The staffs evaluation of the applicants Aboveground Steel Tanks Program is documented in Section 3.0.3.2.1. The staff finds the applicants proposal to manage the effects of aging using the Aboveground Steel Tanks Program acceptable because it is consistent with SRP-LR AMR item 3.4.1-30, as amended by LR-ISG-2012-02.
Steel Tanks Exposed to Treated Water. In LRA Table 3.4.2-3-IP3, the applicant stated that steel tanks exposed to an internal environment of treated water will be managed for loss of material by the Aboveground Steel Tanks Program. The applicant cited note E to indicate that for this component, material, and environment a different AMP than the one recommended in the GALL Report, Revision 1, is credited.
The staffs evaluation of the applicants Aboveground Steel Tanks Program is documented in Section 3.0.3.2.1. The staff finds the applicants proposal to manage the effects of aging using the Aboveground Steel Tanks Program acceptable because it is consistent with SRP-LR AMR item 3.4.1-62, as amended by LR-ISG-2012-02.

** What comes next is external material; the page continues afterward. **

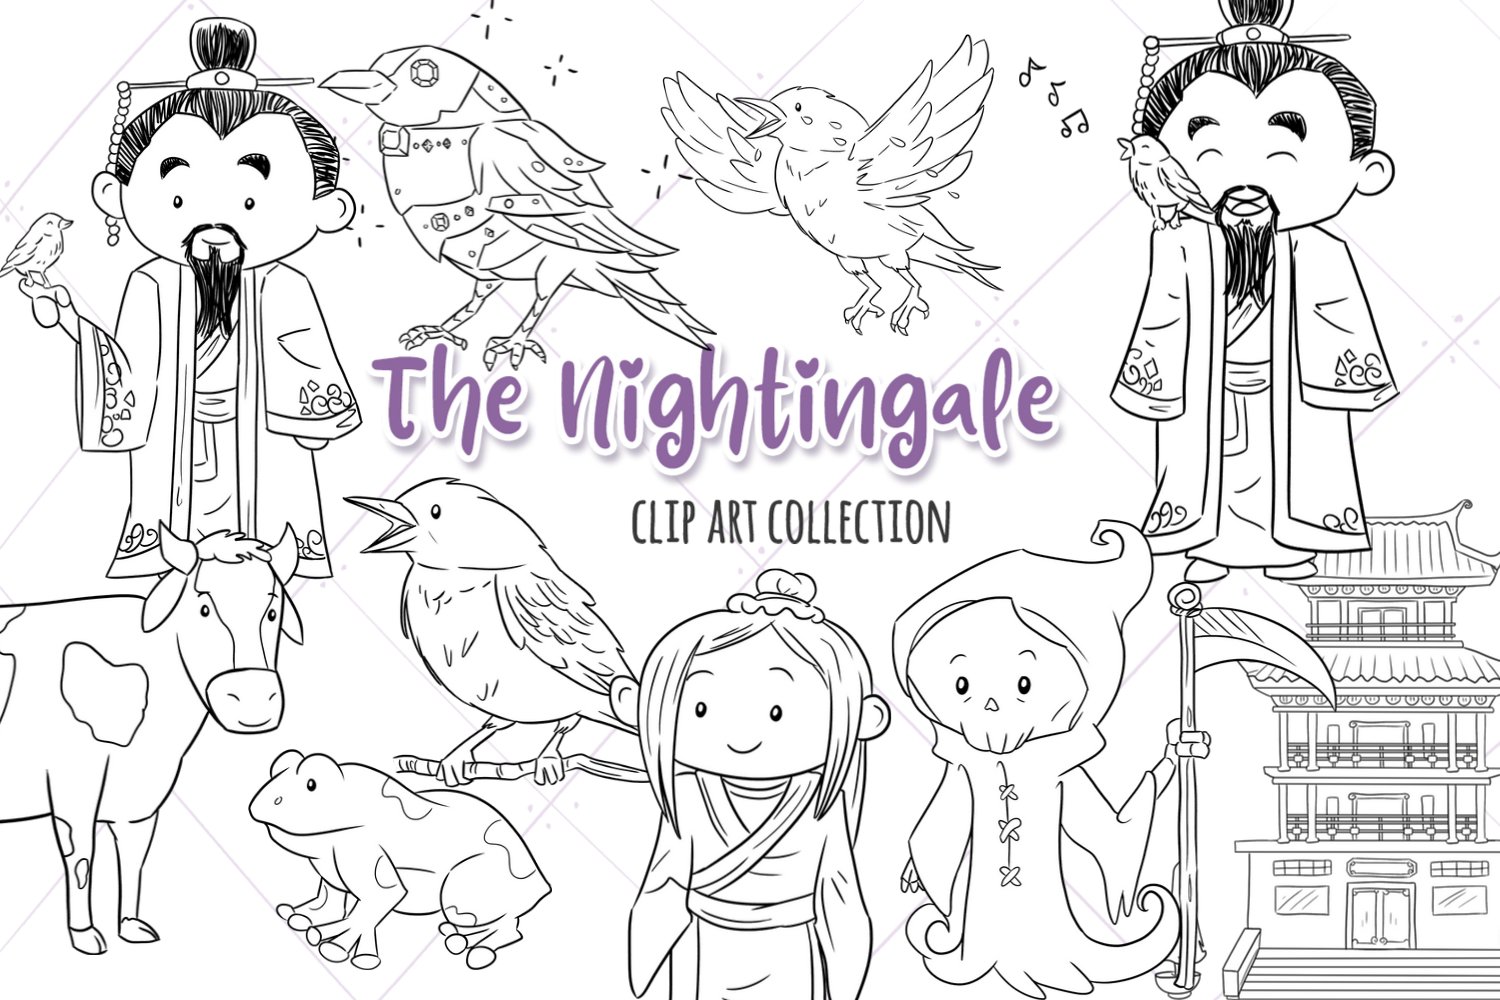 Outline Kawai characters with nightingale.

3.4.2.4 Conclusion On the basis of its review, the staff finds that the applicant has appropriately evaluated the AMR results of combinations of material, environment, AERMs, and AMPs not consistent with, or not addressed in, the GALL Report. The staff finds that the applicant has demonstrated that the effects of aging will be adequately managed so that the intended functions will be maintained consistent with the CLB for the period of extended operation, as required by 10 CFR 54.21(a)(3).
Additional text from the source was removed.